I trained the Llama 3 model using ReFT combined with LoRA based on the example in the package repo (this is example). After training, I saved the ReFT modules to HuggingFace. But when I download those modules to add to the base model, I get the following error:
TypeError Traceback (most recent call last)
Cell In[1], line 11
5 path = "Hamana0509/ReFT_Orpo_Llama3_8B_Instruct"
7 model = transformers.AutoModelForCausalLM.from_pretrained(
8 model_name, torch_dtype=torch.bfloat16, device_map=device
9 )
---> 11 reft_model = pyreft.ReftModel.load(path, model, from_huggingface_hub=True)
13 reft_model.set_device("cuda")
File /opt/conda/lib/python3.10/site-packages/pyreft/reft_model.py:26, in ReftModel.load(*args, **kwargs)
24 @staticmethod
25 def load(*args, **kwargs):
---> 26 model = pv.IntervenableModel.load(*args, **kwargs)
27 return ReftModel._convert_to_reft_model(model)
File /opt/conda/lib/python3.10/site-packages/pyvene/models/intervenable_base.py:547, in IntervenableModel.load(load_directory, model, local_directory, from_huggingface_hub)
543 casted_representations += [
544 RepresentationConfig(*representation_opts)
545 ]
546 saving_config.representations = casted_representations
--> 547 intervenable = IntervenableModel(saving_config, model)
549 # load binary files
550 for i, (k, v) in enumerate(intervenable.interventions.items()):
File /opt/conda/lib/python3.10/site-packages/pyvene/models/intervenable_base.py:124, in IntervenableModel.__init__(self, config, model, **kwargs)
122 all_metadata["embed_dim"] = component_dim
123 all_metadata["use_fast"] = self.use_fast
--> 124 intervention = intervention_function(
125 **all_metadata
126 )
128 if representation.intervention_link_key in self._intervention_pointers:
129 self._intervention_reverse_link[
130 _key
131 ] = f"link#{representation.intervention_link_key}"
File /opt/conda/lib/python3.10/site-packages/pyreft/interventions.py:37, in LoreftIntervention.__init__(self, **kwargs)
35 def __init__(self, **kwargs):
36 super().__init__(**kwargs, keep_last_dim=True)
---> 37 rotate_layer = LowRankRotateLayer(self.embed_dim, kwargs["low_rank_dimension"], init_orth=True)
38 self.rotate_layer = torch.nn.utils.parametrizations.orthogonal(rotate_layer, orthogonal_map='householder')
39 self.learned_source = torch.nn.Linear(
40 self.embed_dim, kwargs["low_rank_dimension"]).to(
41 kwargs["dtype"] if "dtype" in kwargs else torch.bfloat16)

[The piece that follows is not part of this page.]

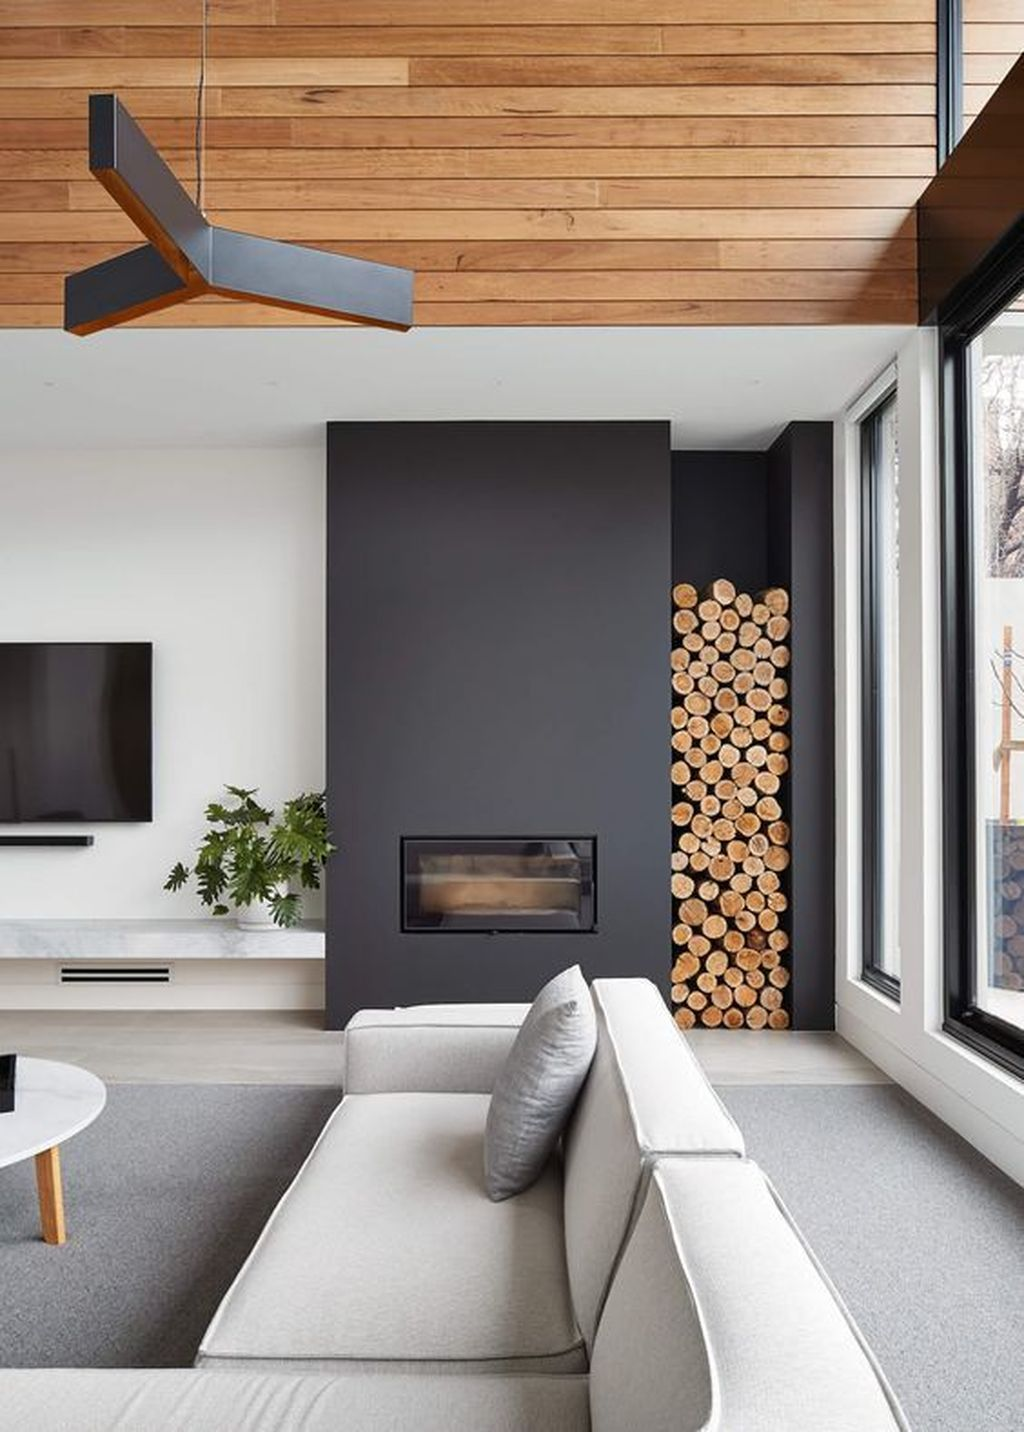 Admirable Modern Interior Design Ideas You Never Seen Before 23
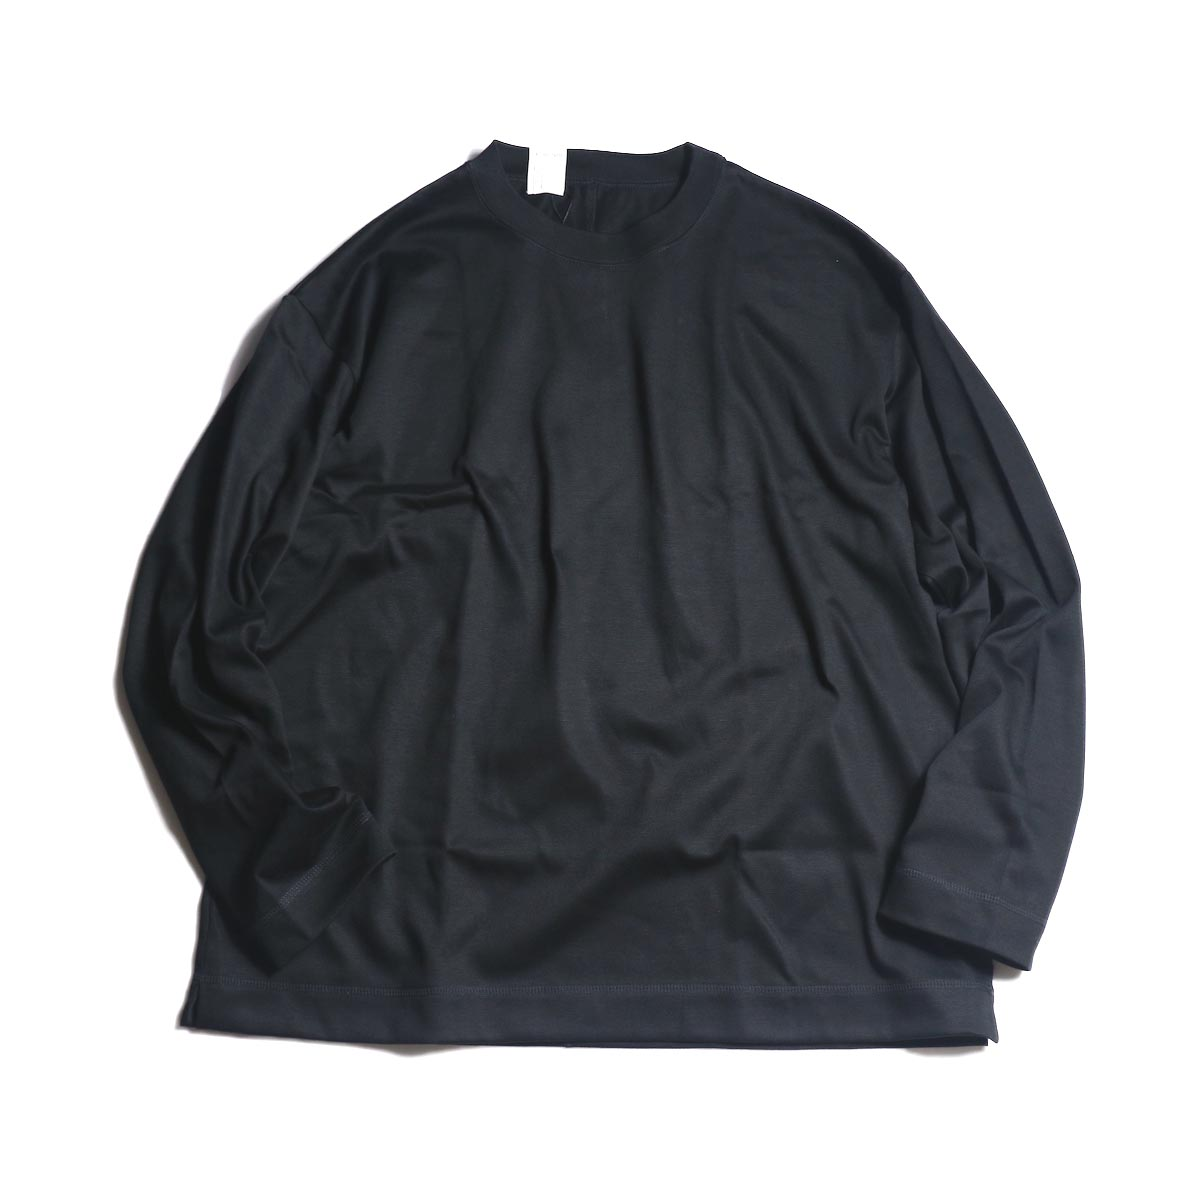 N.HOOLYWOOD / 20RCH-004 Crew Neck Long Sleeve (Black)

File /opt/conda/lib/python3.10/site-packages/pyreft/interventions.py:19, in LowRankRotateLayer.__init__(self, n, m, init_orth)
17 super().__init__()
18 # n > m
---> 19 self.weight = torch.nn.Parameter(torch.empty(n, m), requires_grad=True)
20 if init_orth:
21 torch.nn.init.orthogonal_(self.weight)
TypeError: empty() received an invalid combination of arguments - got (NoneType, int), but expected one of:
* (tuple of ints size, *, tuple of names names, torch.memory_format memory_format, torch.dtype dtype, torch.layout layout, torch.device device, bool pin_memory, bool requires_grad)
* (tuple of ints size, *, torch.memory_format memory_format, Tensor out, torch.dtype dtype, torch.layout layout, torch.device device, bool pin_memory, bool requires_grad)
This is my code: Google Colab
What does the error above mean? And how to fix it?